Sei sposato con tre figli. Come ha vissuto (e sta vivendo) la tua famiglia questa scelta di servizio nella Chiesa?
«I miei figli sono tutto sommato ancora piccoli. In linea di massima non so quanto abbiano chiaro cosa il babbo diventerà con l’ordinazione diaconale. Sicuramente hanno desiderio di accompagnarmi in questo cammino. Normalmente fanno già servizio con me all’altare durante la Messa. La vocazione diaconale, quando arriva da sposati, s’innesta in un’altra vocazione che è quella alla famiglia. Sicuramente non si può creare competizione o conflitto tra i due stati. La mia prima vocazione è quella al matrimonio. Non farò mai niente che possa ostacolare o mettere in crisi il mio matrimonio, perché se va in crisi questo va crisi anche il diaconato. Ci sono ovviamente delle paure: crescere tre figli piccoli, occuparsi della famiglia, portare avanti una professione e servire la Chiesa significa che anche alla mia famiglia è chiesto un impegno non da poco. Ma noi abbiamo creduto fin dall’inizio che questo diaconato sia una grazia per crescere proprio come famiglia e per essere testimoni in un mondo in cui la famiglia è sempre più minacciata».
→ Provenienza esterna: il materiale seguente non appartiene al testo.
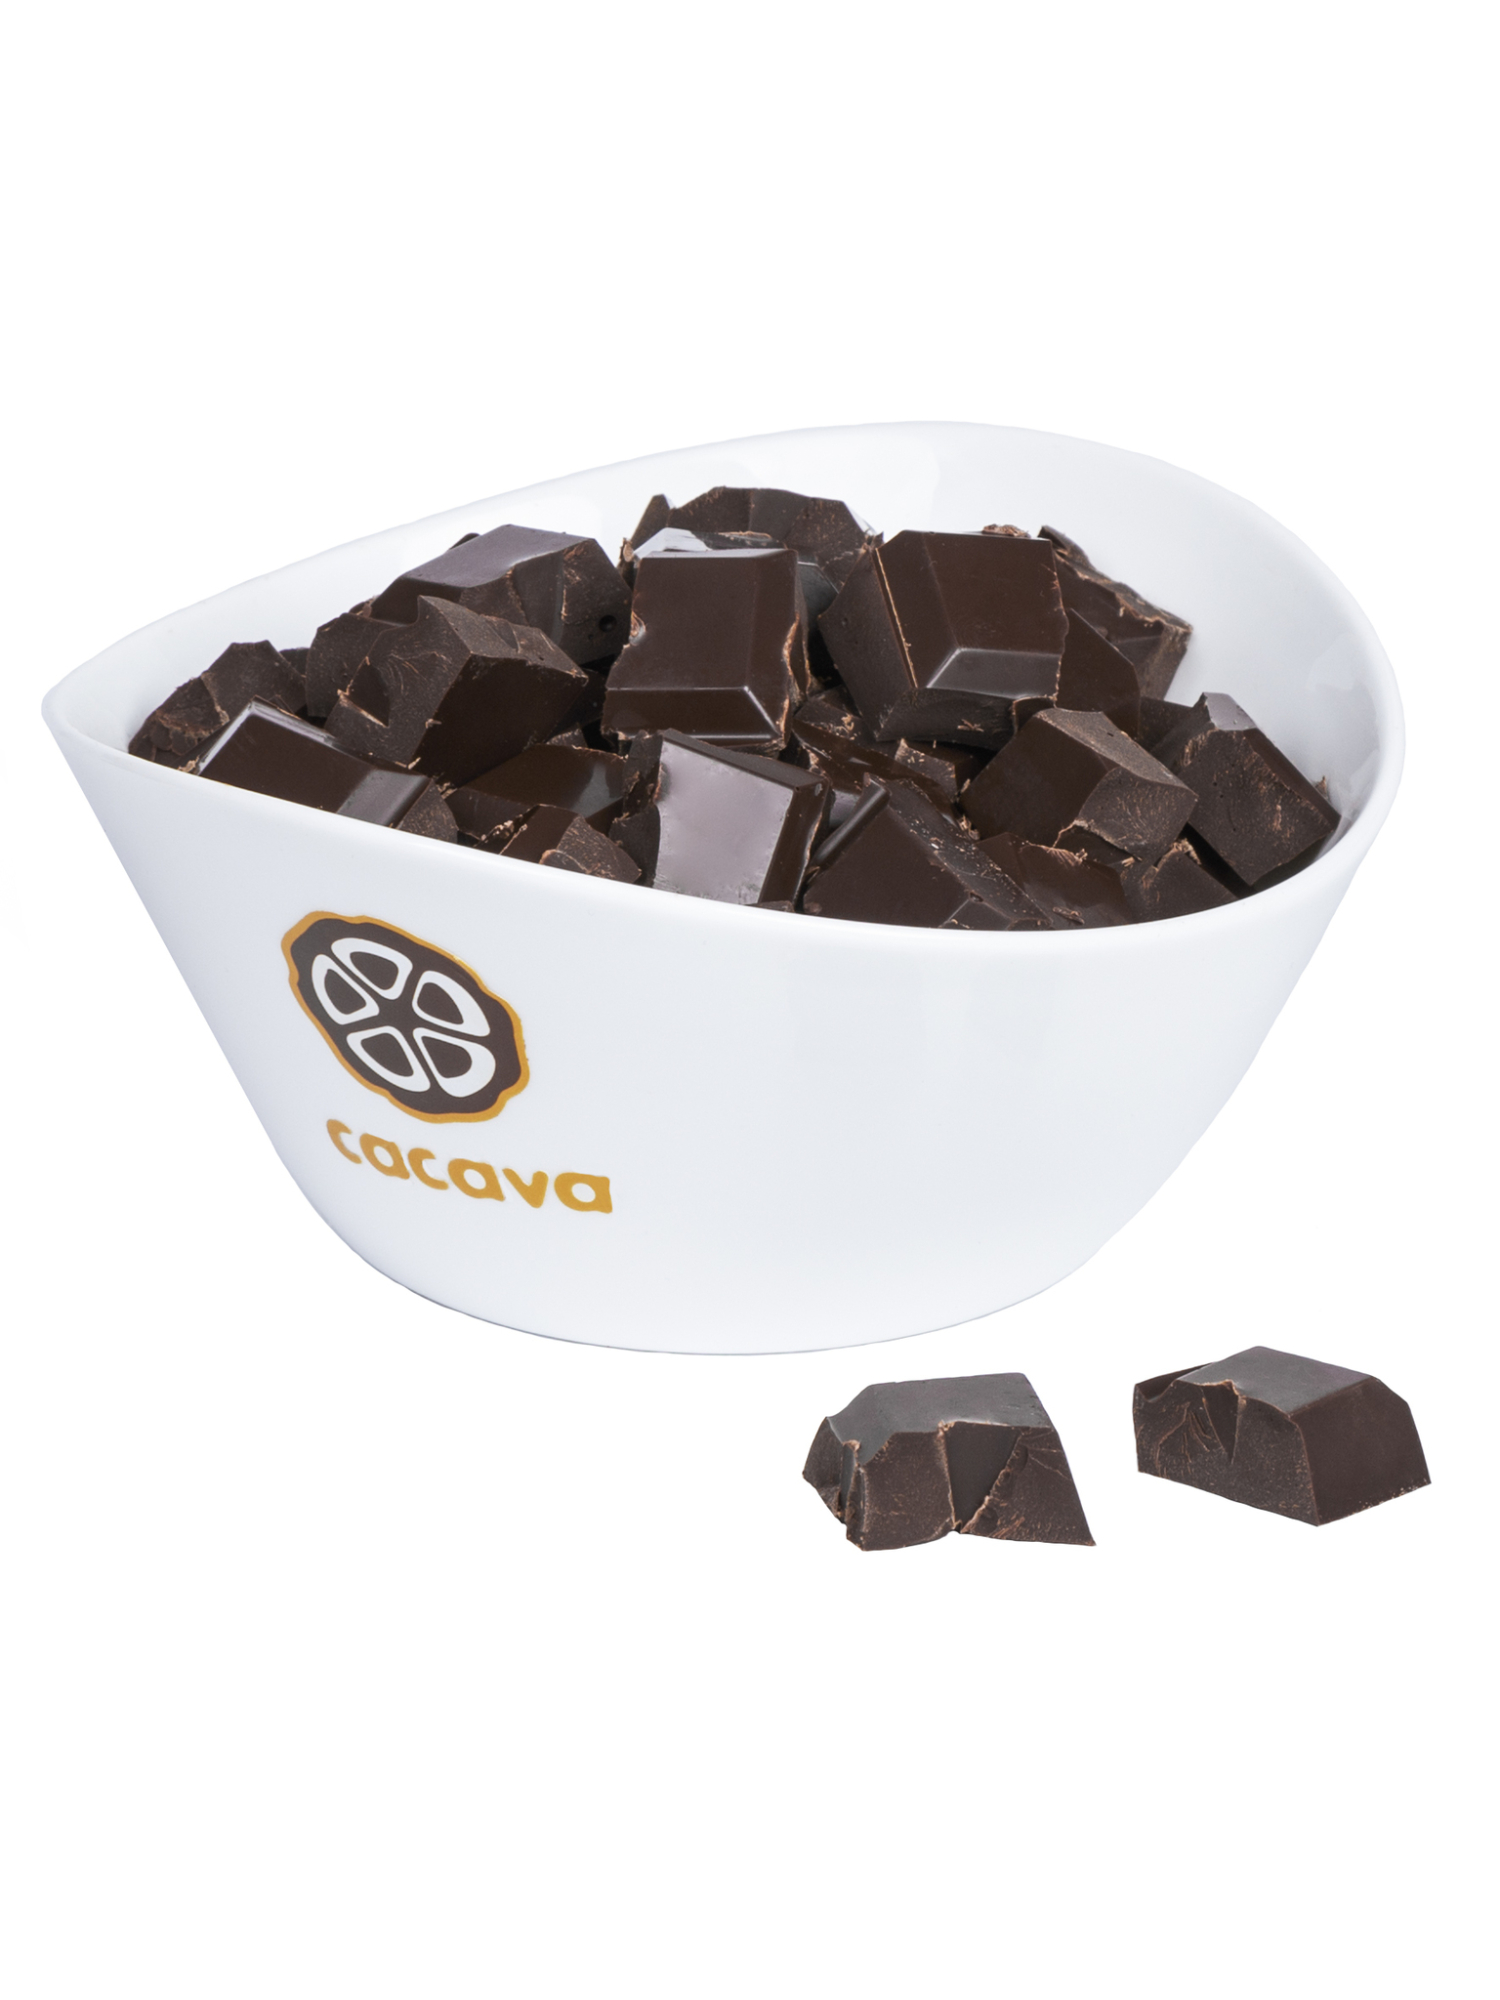 Тёмный шоколад 70 % какао (Индонезия, WEST PAPUA,Ransiki), 100г купить

A chi va il tuo pensiero in questa occasione particolare?
«Per la mia ordinazione ho invitato molte persone; diverse di queste sono lontane dalla Chiesa. Spero che la celebrazione diventi motivo per loro di riscoperta della fede. Che il Signore possa davvero scuoterle. E per questo ho desiderato che a cantare alla liturgia fosse la comunità Magnificat del Rinnovamento, in cui mi sono formato. Una liturgia quindi di evangelizzazione. Per il mio santino ricordo ho scelto l’immagine di un Gesù che abbraccia, che sostiene alle spalle, un uomo che è anche il suo carnefice perché ha in mano un martello e un chiodo. Gesù, nonostante il nostro peccato, resta con noi per dirci che non ci abbandona. E questo è un segno che mi sento di lasciare a tutte quelle persone che non si sentono degne, che non si sentono amate».